### [Material supplied]

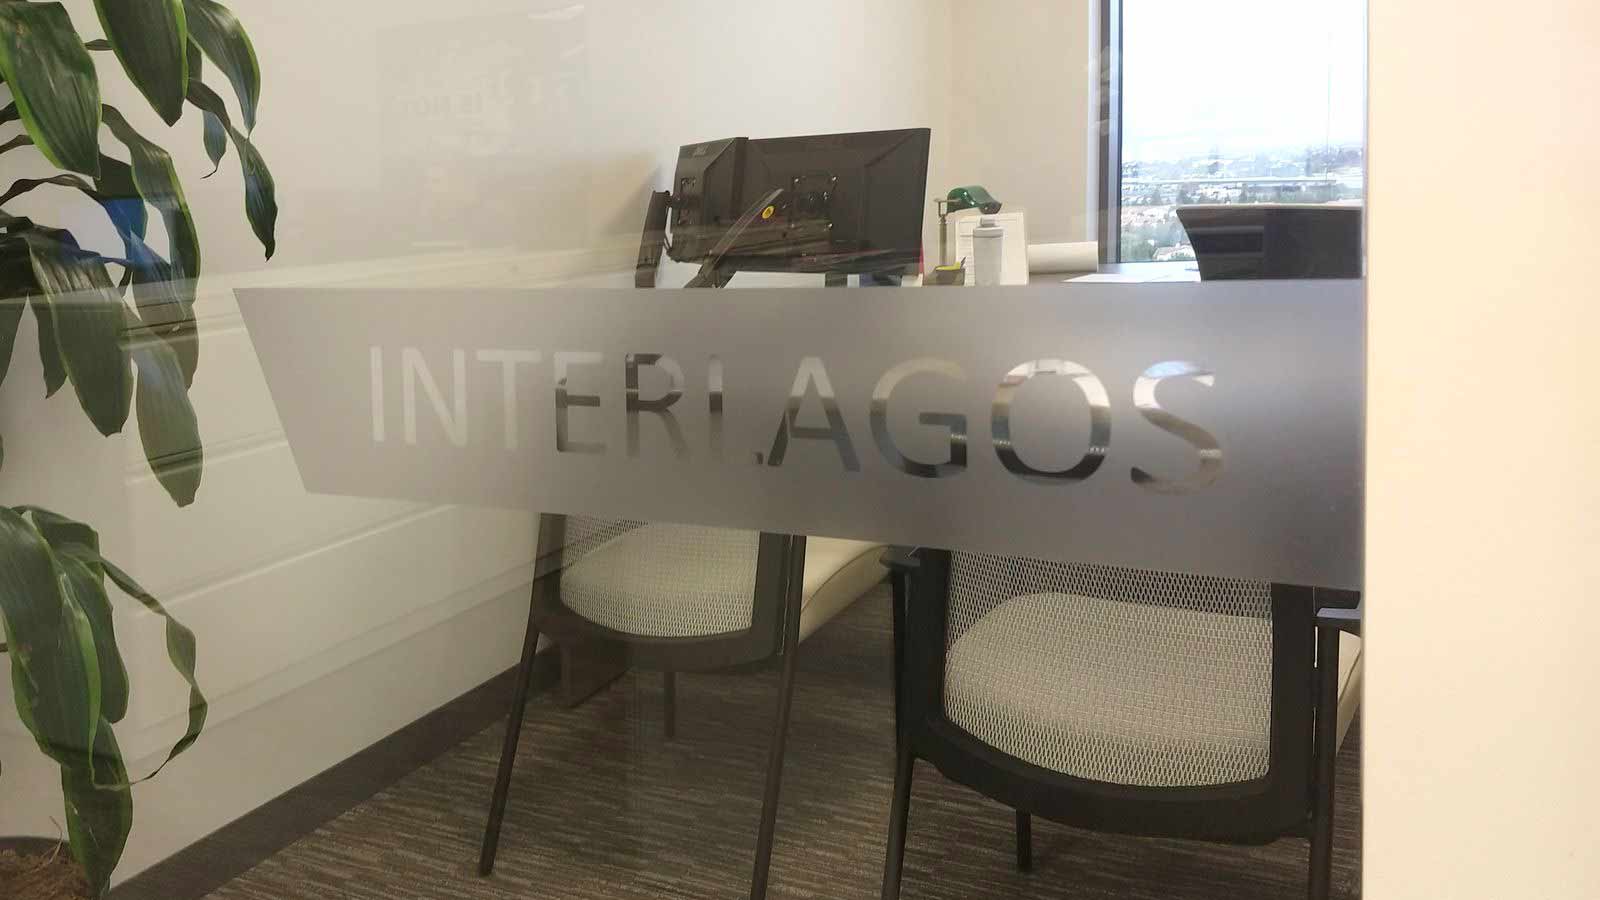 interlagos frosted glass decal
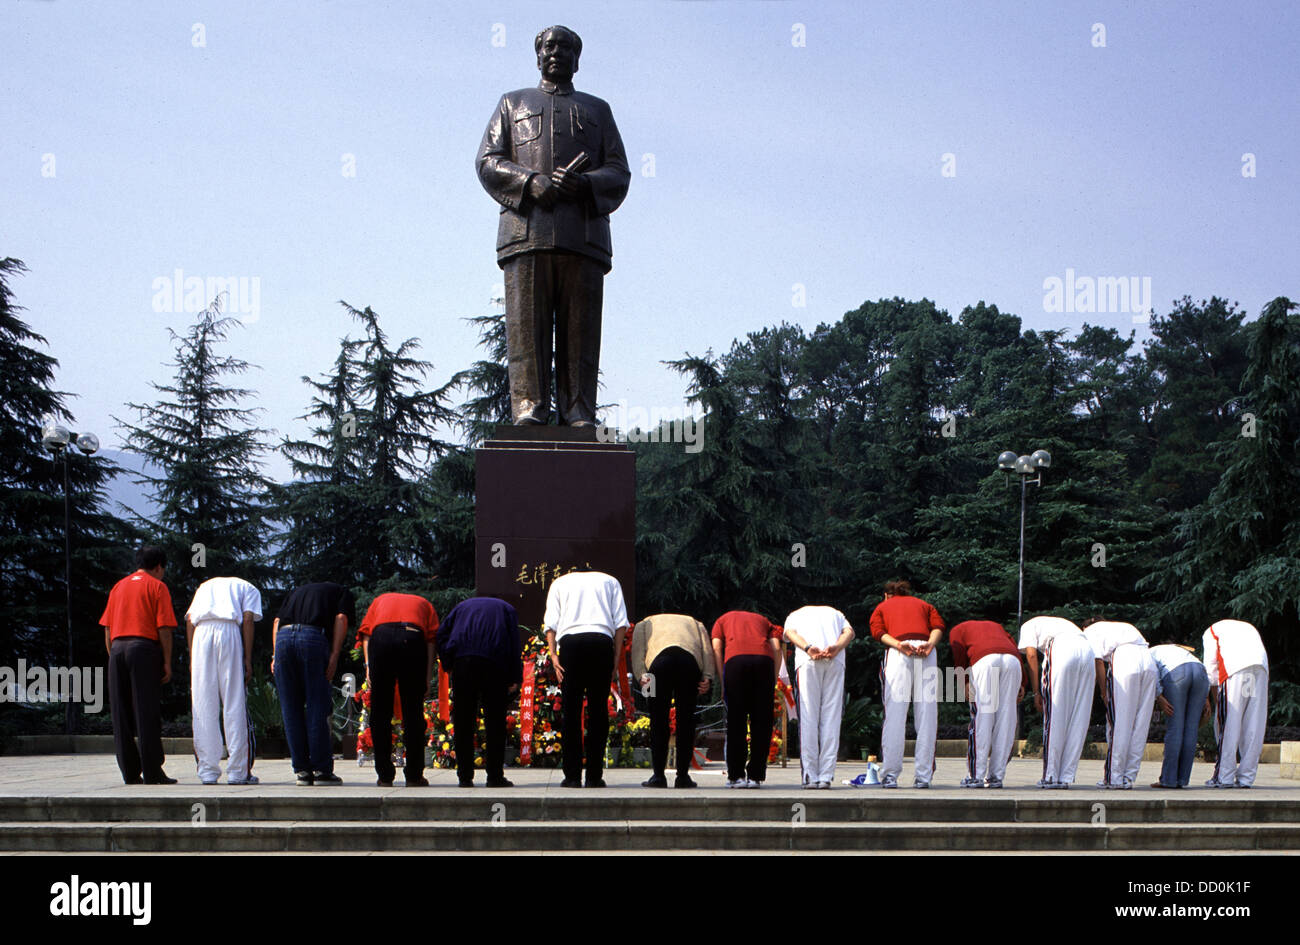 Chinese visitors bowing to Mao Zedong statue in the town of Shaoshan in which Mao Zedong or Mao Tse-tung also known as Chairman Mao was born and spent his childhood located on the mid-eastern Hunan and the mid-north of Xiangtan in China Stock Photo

==

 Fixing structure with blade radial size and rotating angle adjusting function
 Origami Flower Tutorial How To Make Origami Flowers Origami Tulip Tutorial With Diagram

### [Aim of the task]
Only one stretch of the entries above is needed: the lines from the one containing "interlagos frosted glass decal" through the one containing "Chinese visitors bowing". Copy it exactly, without the pictures.

### [Written response]
 interlagos frosted glass decal
 Chinese visitors bowing to Mao Zedong statue in the town of Shaoshan in which Mao Zedong or Mao Tse-tung also known as Chairman Mao was born and spent his childhood located on the mid-eastern Hunan and the mid-north of Xiangtan in China Stock Photo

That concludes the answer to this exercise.